2025-12-11 06:55:27 +00:00 · 2022-01-10 14:36:24 +08:00 · 2022-01-10 14:36:24 +08:00 · 309461c185
commit 309461c185
parent 9142bbb17d
1 changed files with 34 additions and 14 deletions
--- a/egs/librispeech/ASR/conformer_ctc/conformer.py
+++ b/egs/librispeech/ASR/conformer_ctc/conformer.py
@ -181,6 +181,7 @@ class ConformerEncoderLayer(nn.Module):

        # define layernorm for conv1d_abs
        self.norm_conv_abs = nn.LayerNorm(d_model)
+        self.layernorm = nn.LayerNorm(d_model)

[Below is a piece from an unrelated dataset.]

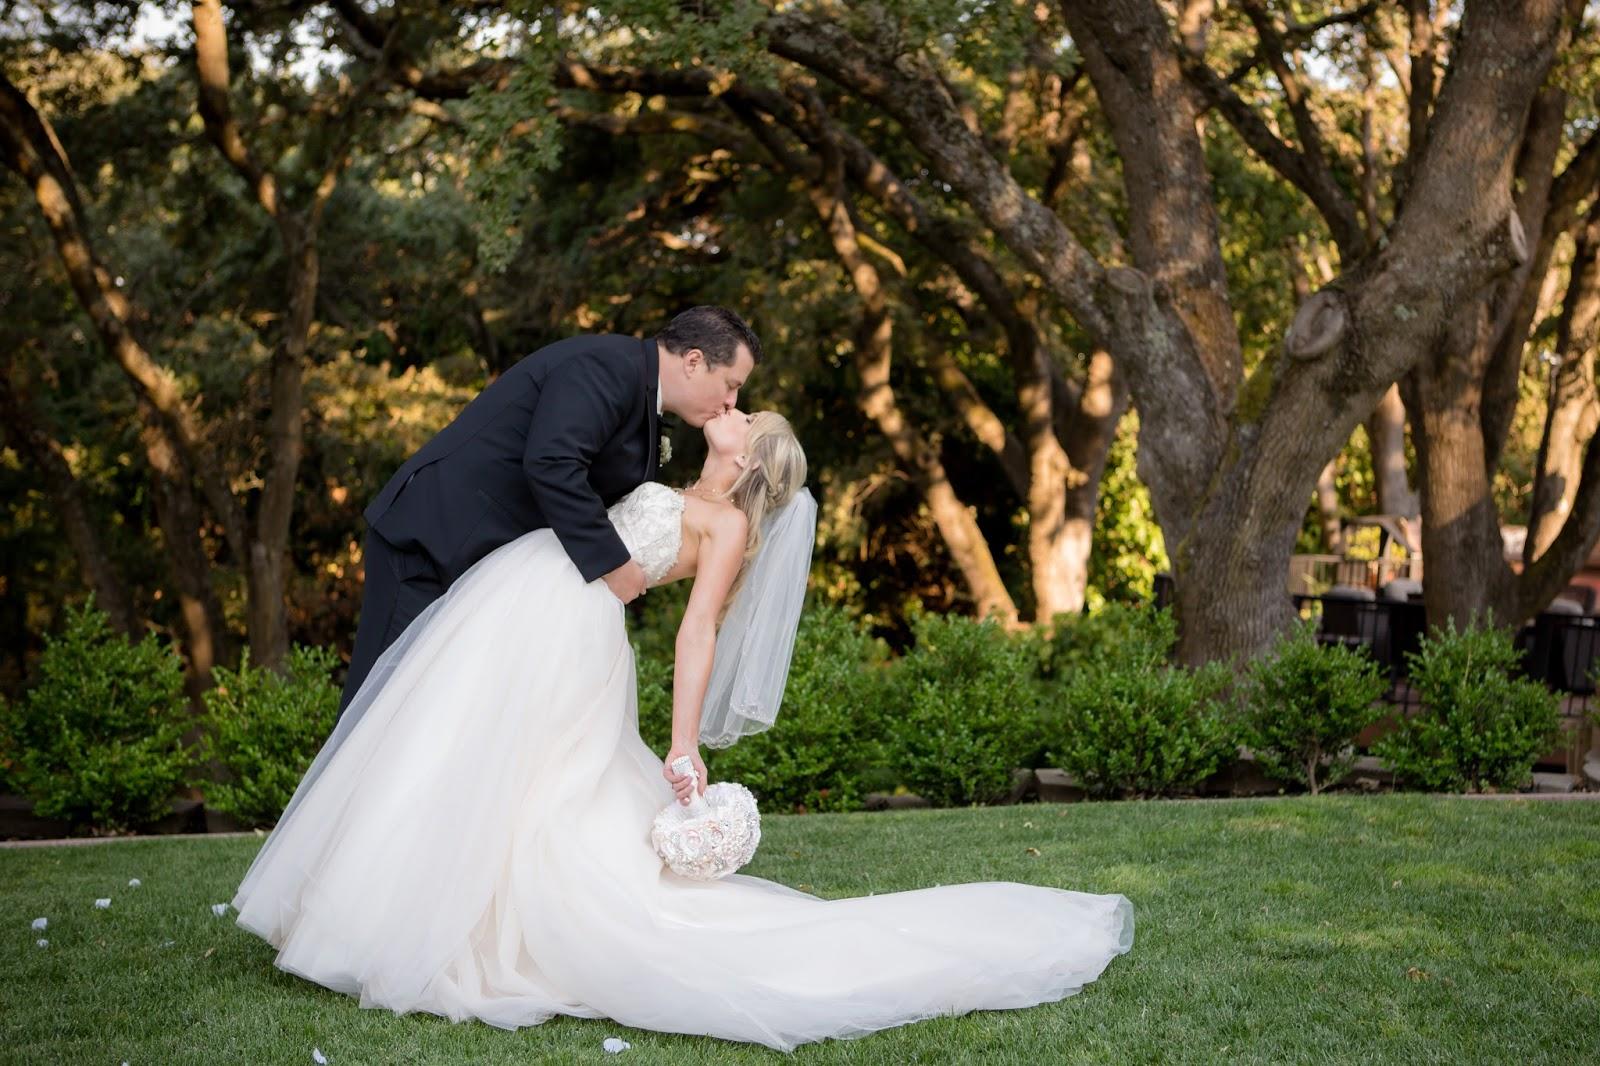 Bride and groom - dip kiss

        self.ff_scale = 0.5

@ -193,14 +194,17 @@ class ConformerEncoderLayer(nn.Module):

        self.normalize_before = normalize_before

-        self.in_channel = 1024
-        self.out_channel = 64
        self.kernel_size = 21
-        self.padding = 10
-        self.linear1 = nn.Linear(512, self.in_channel)
-        self.conv1d_abs = Conv1dAbs(self.in_channel, self.out_channel, kernel_size=self.kernel_size, padding=self.padding)
-        self.activation = nn.ReLU()
-        self.linear2 = nn.Linear(self.out_channel, 512)
+        self.padding = int((self.kernel_size - 1) / 2)
+        self.conv1d_channels = 768
+        self.linear1 = nn.Linear(512, self.conv1d_channels)
+        self.conv1d_abs = Conv1dAbs(
+            self.conv1d_channels,
+            self.conv1d_channels,
+            kernel_size=self.kernel_size,
+            padding=self.padding,
+        )
+        self.linear2 = nn.Linear(self.conv1d_channels, 512)

    def forward(
        self,
@ -236,17 +240,33 @@ class ConformerEncoderLayer(nn.Module):
        if not self.normalize_before:
            src = self.norm_ff_macaron(src)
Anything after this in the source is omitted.